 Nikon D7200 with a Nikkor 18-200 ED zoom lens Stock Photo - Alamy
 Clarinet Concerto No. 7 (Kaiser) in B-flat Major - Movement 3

┄┄┄┄┄┄┄┄┄┄

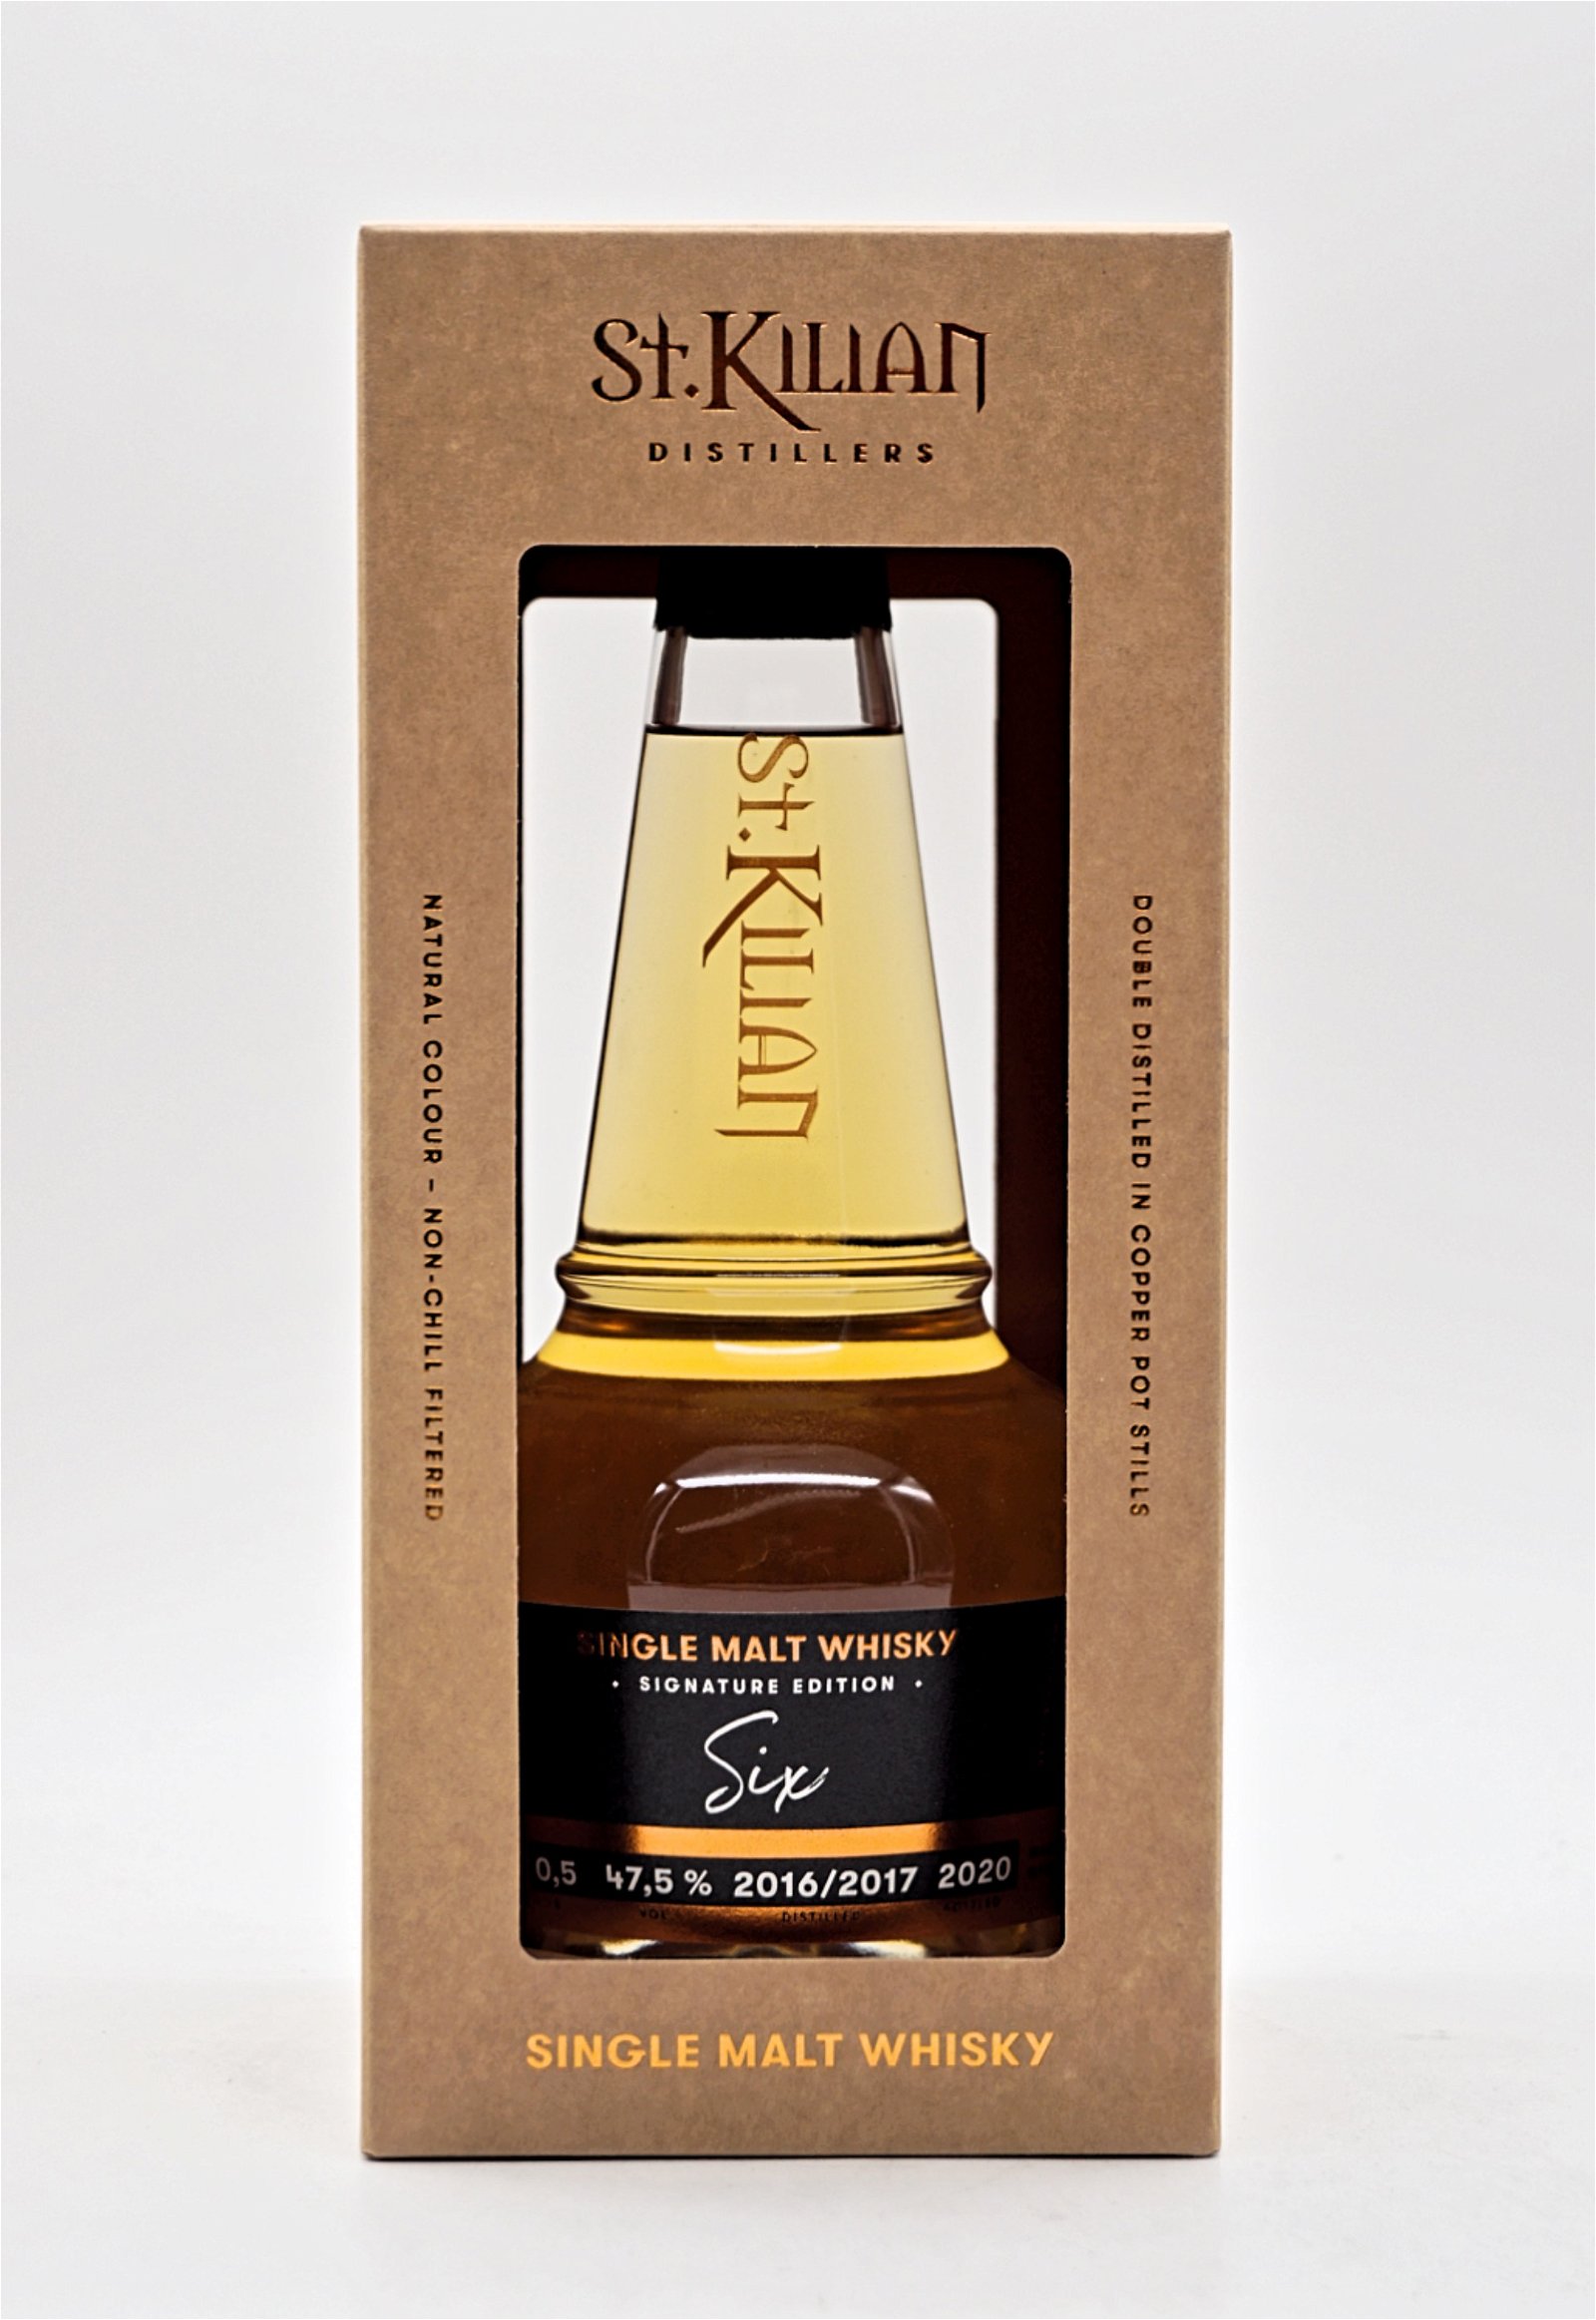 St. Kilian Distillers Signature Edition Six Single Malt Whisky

┄┄┄┄┄┄┄┄┄┄

ASSIGNMENT: Begin with the line that has "Nikon D7200 with" in the listing above and end after the line that has "Clarinet Concerto No."; output those lines exactly.

RESULT BELOW:
 Nikon D7200 with a Nikkor 18-200 ED zoom lens Stock Photo - Alamy
 Clarinet Concerto No. 7 (Kaiser) in B-flat Major - Movement 3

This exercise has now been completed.